Kegiatan ini merupakan bagian dari program Kuliah Kerja Nyata (KKN) mahasiswa Universitas Pembangunan Nasional (UPN) “Veteran” Jawa Timur, yang bertujuan mengedukasi masyarakat tentang pemanfaatan limbah rumah tangga menjadi produk bernilai ekonomis dan ramah lingkungan.

Salah satu mahasiswa anggota kelompok 35, Azzahra Maritza Putri mengatakan pemilihan minyak jelantah sebagai bahan untuk pembuatan lilin aromaterapi dikarenakan mudah didapat dan biasanya hanya akan dibuang dan akan mencemari lingkungan. Pelatihan pembuatan lilin aromaterapi ini diharapkan dapat mengurangi pencemarain lingkungan dan memberikan nilai ekonomis limbah mintak jelantah.

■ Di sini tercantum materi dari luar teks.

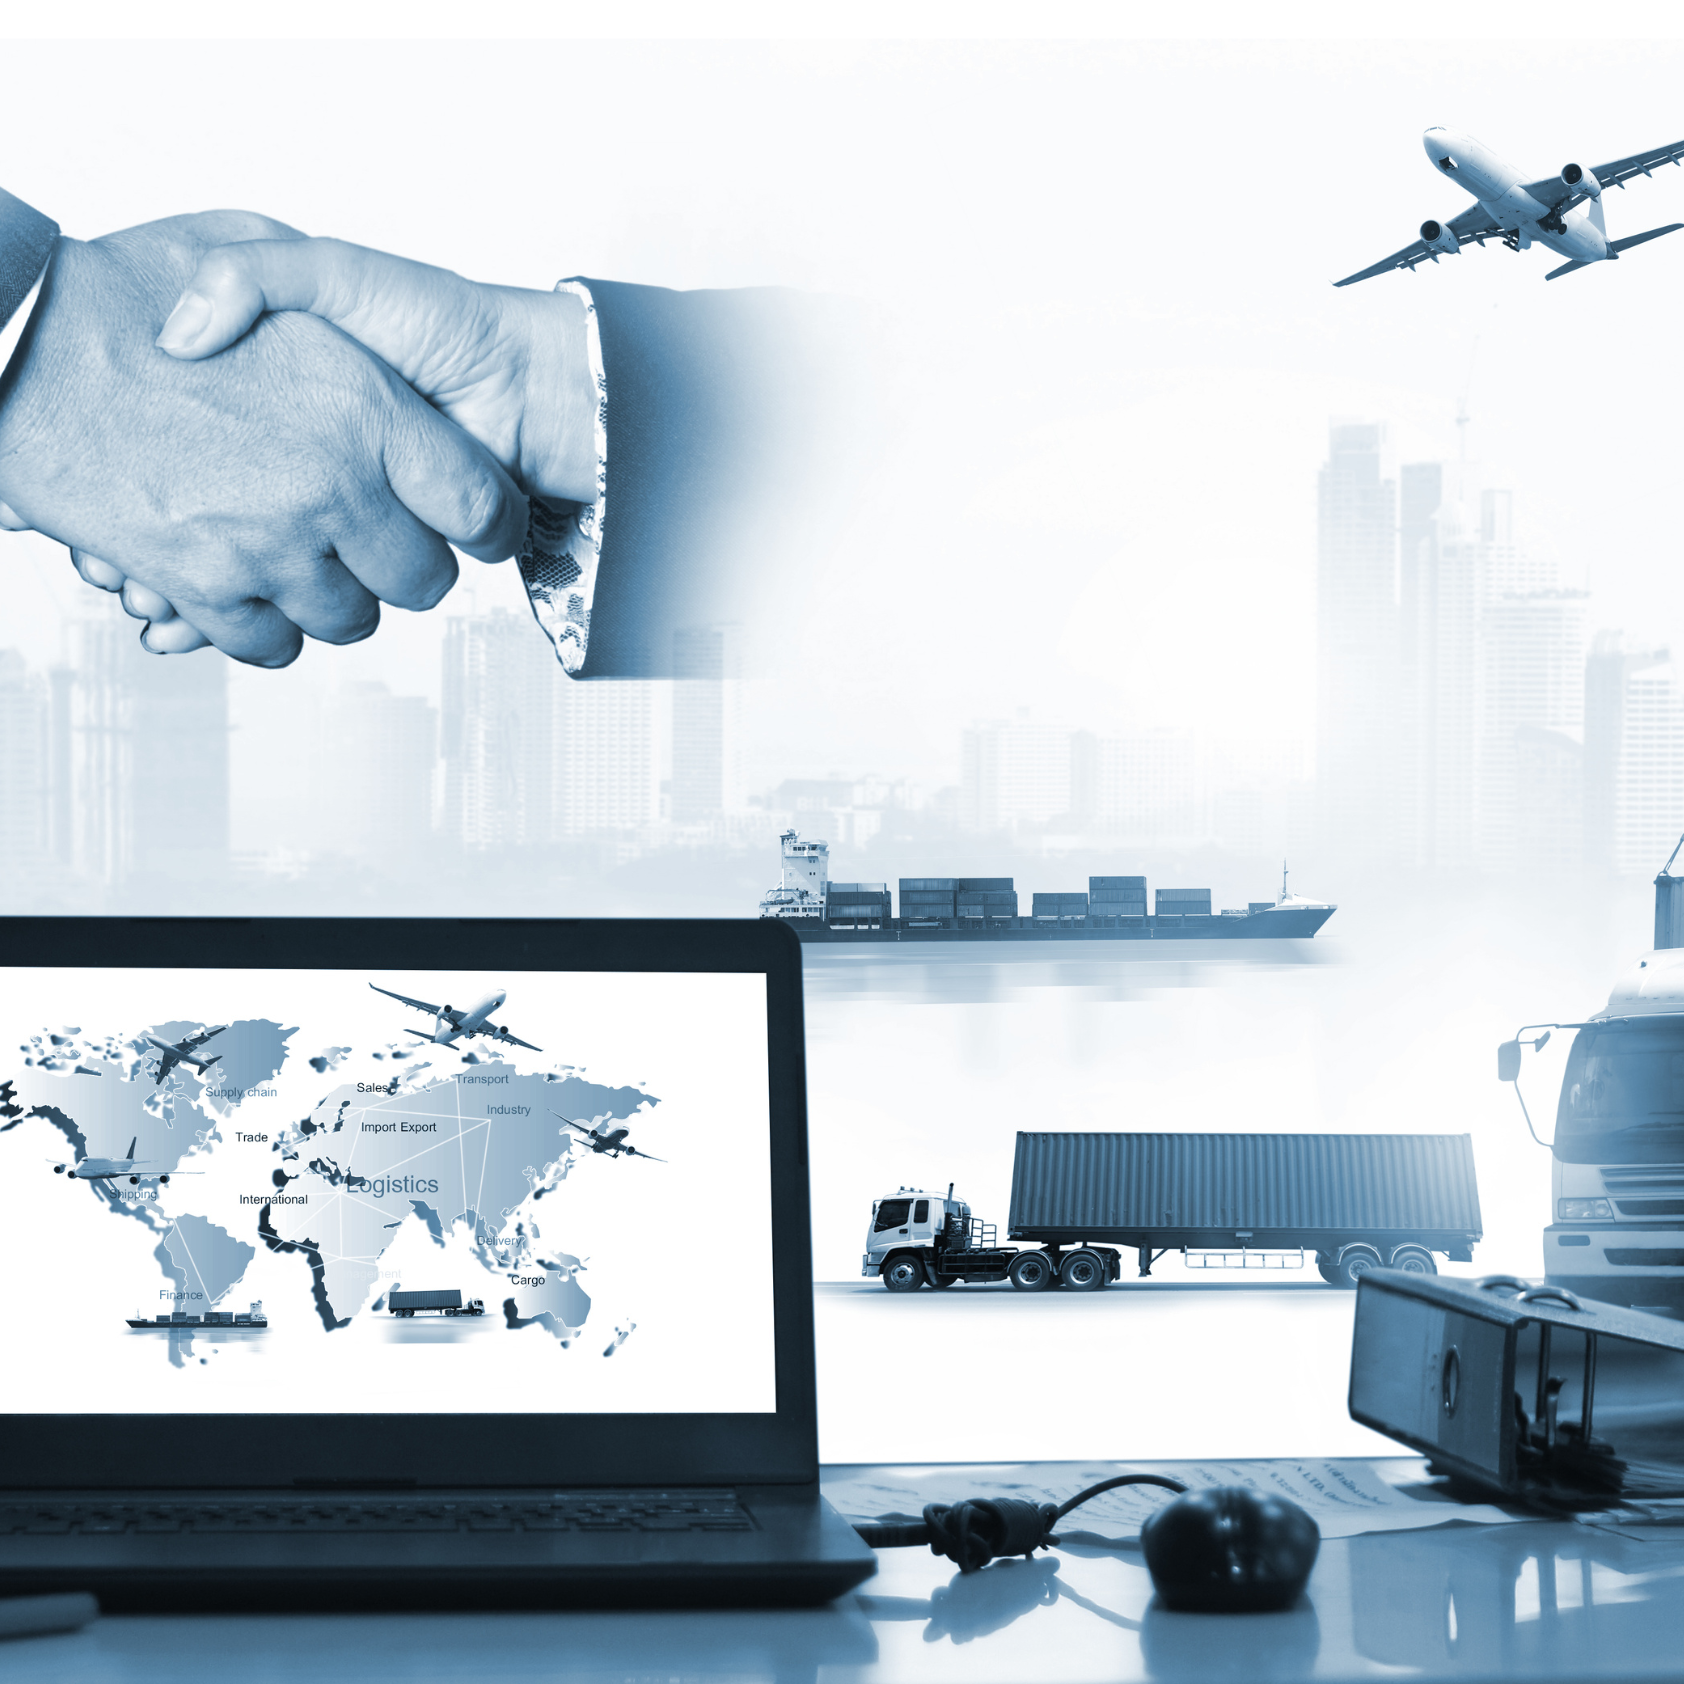 Image d'une poignée de main devant des moyens de transport (avion, navire cargo, camions) et un ordinateur portable affichant une carte du monde.
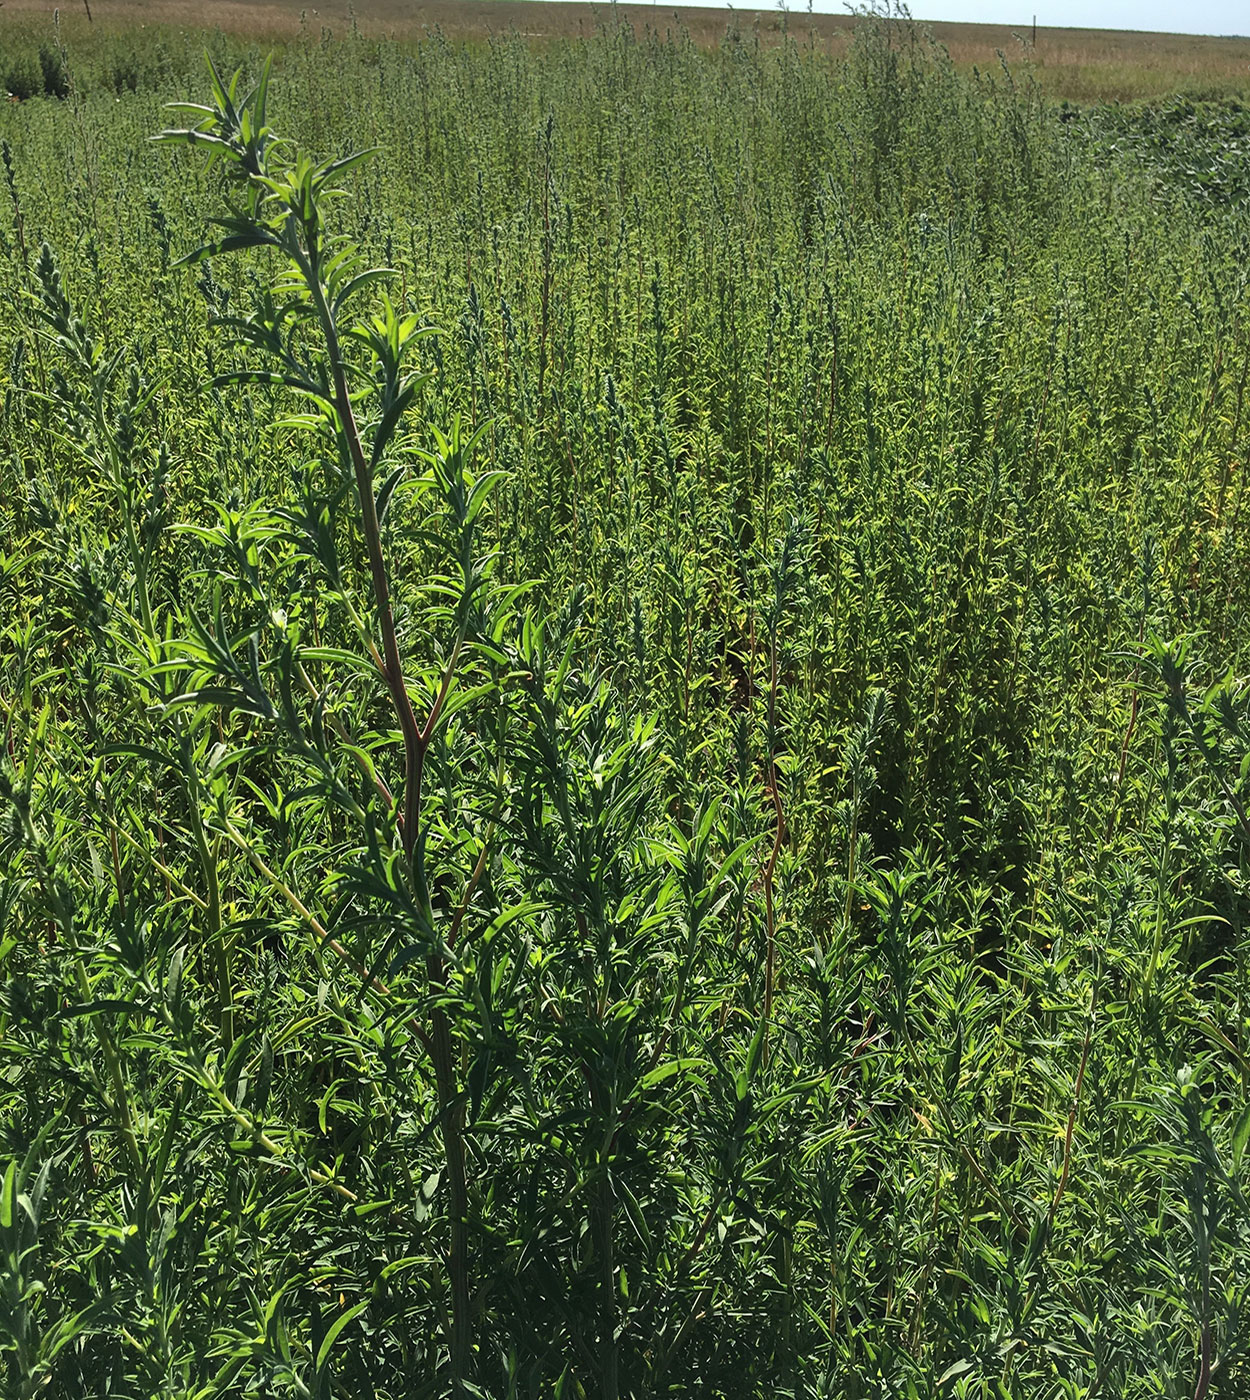 Kochia plants growing in a test plot field.

"Ini adalah salah satu upaya kami untuk memberikan solusi kreatif dalam mengelola limbah rumah tangga sekaligus meningkatkan keterampilan warga," jelasnya.
Dalam pelatihan tersebut, peserta diajarkan langkah-langkah praktis pembuatan lilin aromaterapi, mulai dari penyaringan minyak jelantah, hingga penambahan essential oil untuk menghasilkan aroma terapi yang menenangkan. Para kader KSH juga mendapat kesempatan untuk mempraktikkan langsung proses pembuatan dengan pendampingan dari mahasiswa KKN.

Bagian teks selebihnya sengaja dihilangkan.